● EXERCISE DETAILS
Images are not wanted; transcribe the rest of the listing exactly.

=== SOURCE MATERIAL ===

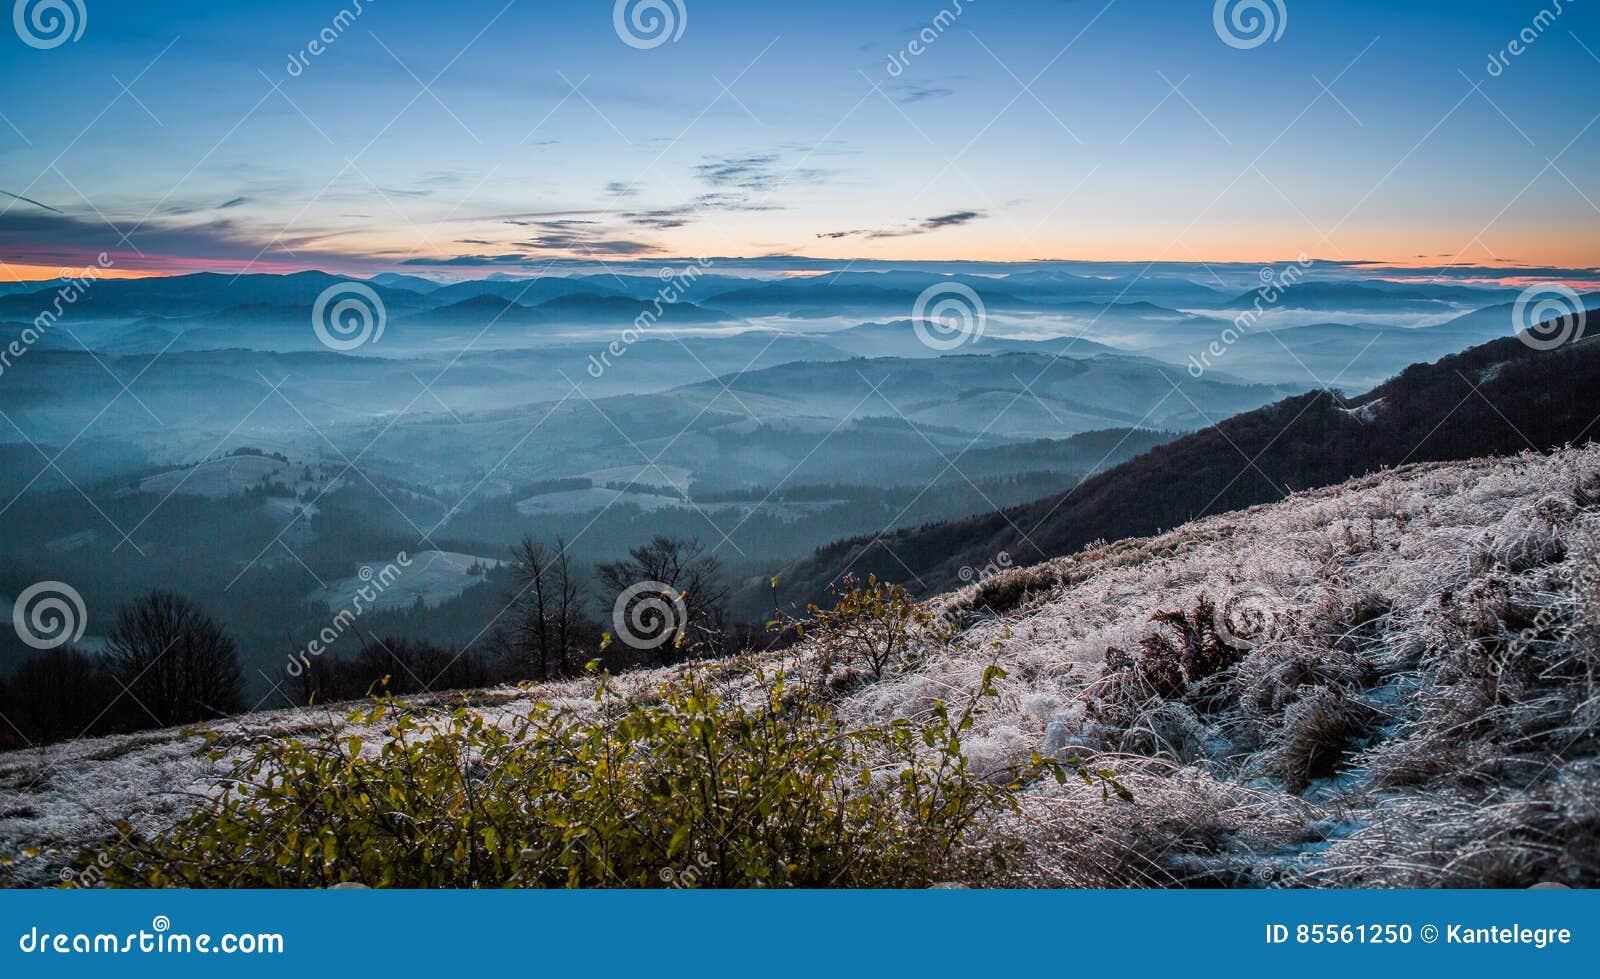 Sonnenaufgang auf Berg mit Nebel und gefrorenem Gras
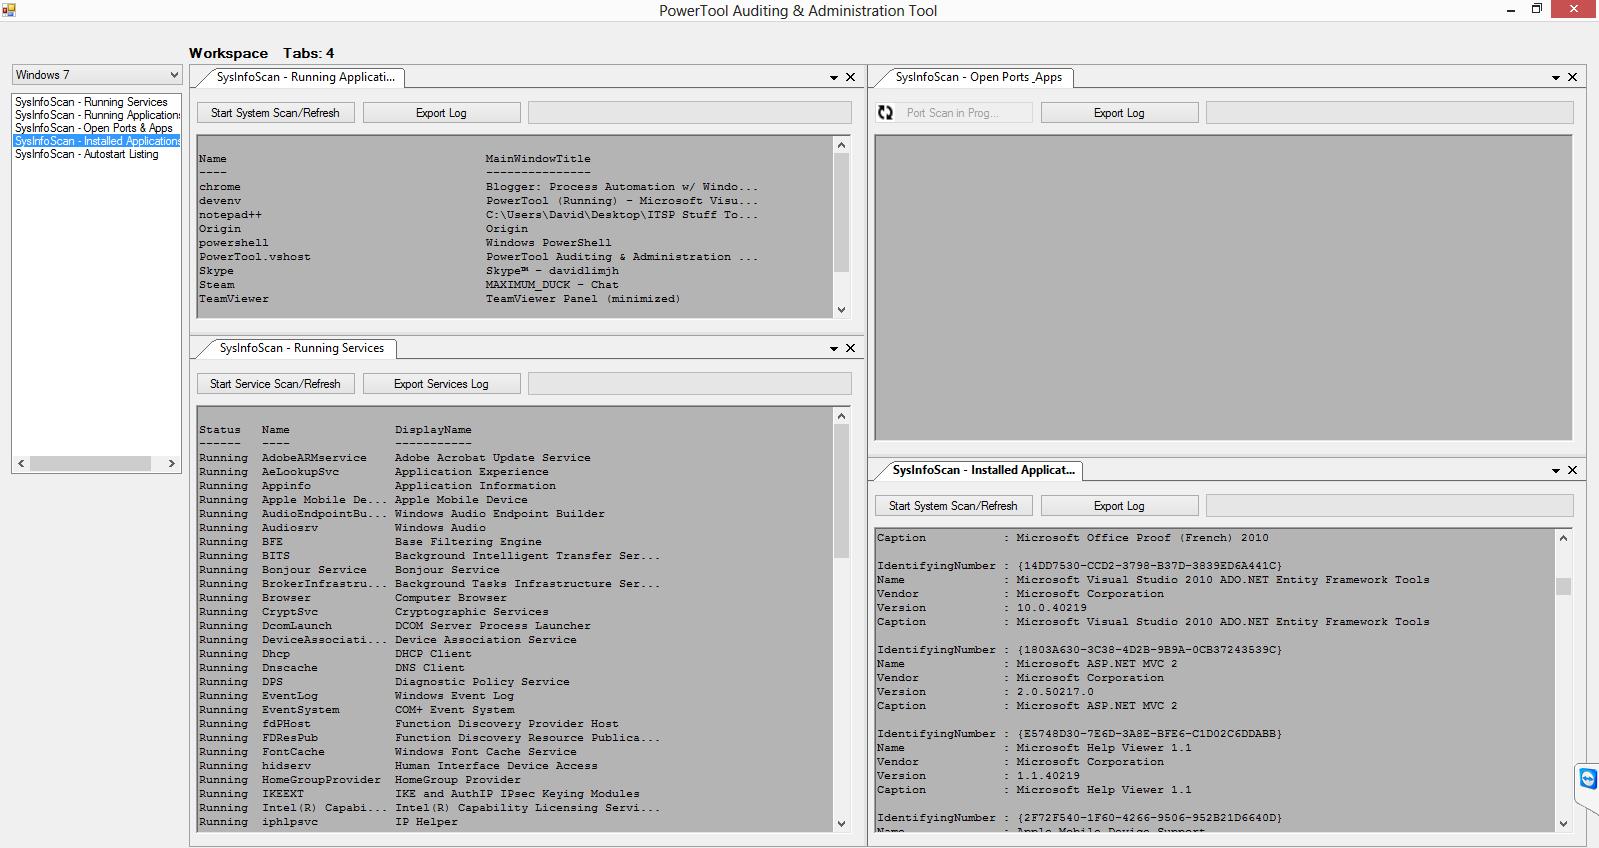 Process Automation w/ Windows Powershell: PowerShell GUI - Switching
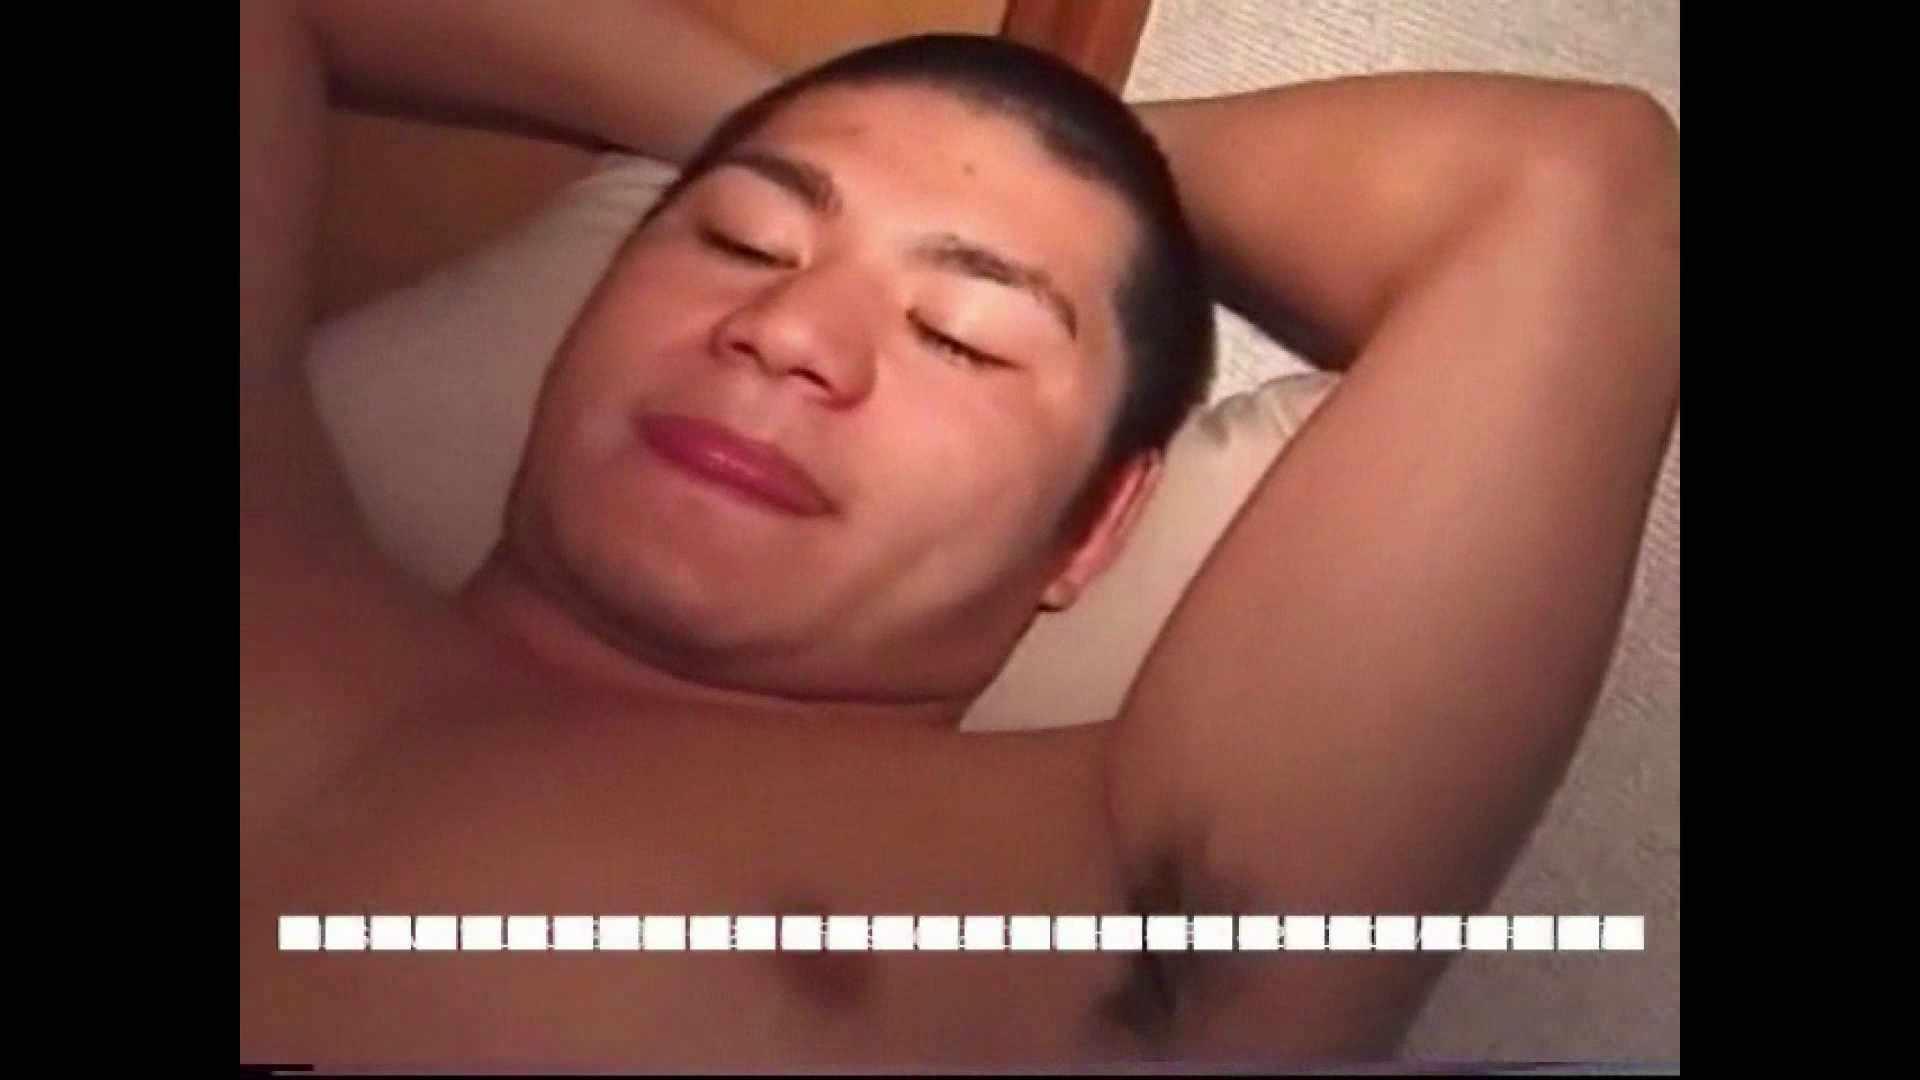 オナれ!集まれ!イケてるメンズ達!!File.41 スジ筋系男子 ゲイSEX画像 100枚 24

===

● TASK OUTPUT
 Sonnenaufgang auf Berg mit Nebel und gefrorenem Gras
 Process Automation w/ Windows Powershell: PowerShell GUI - Switching
 オナれ!集まれ!イケてるメンズ達!!File.41 スジ筋系男子 ゲイSEX画像 100枚 24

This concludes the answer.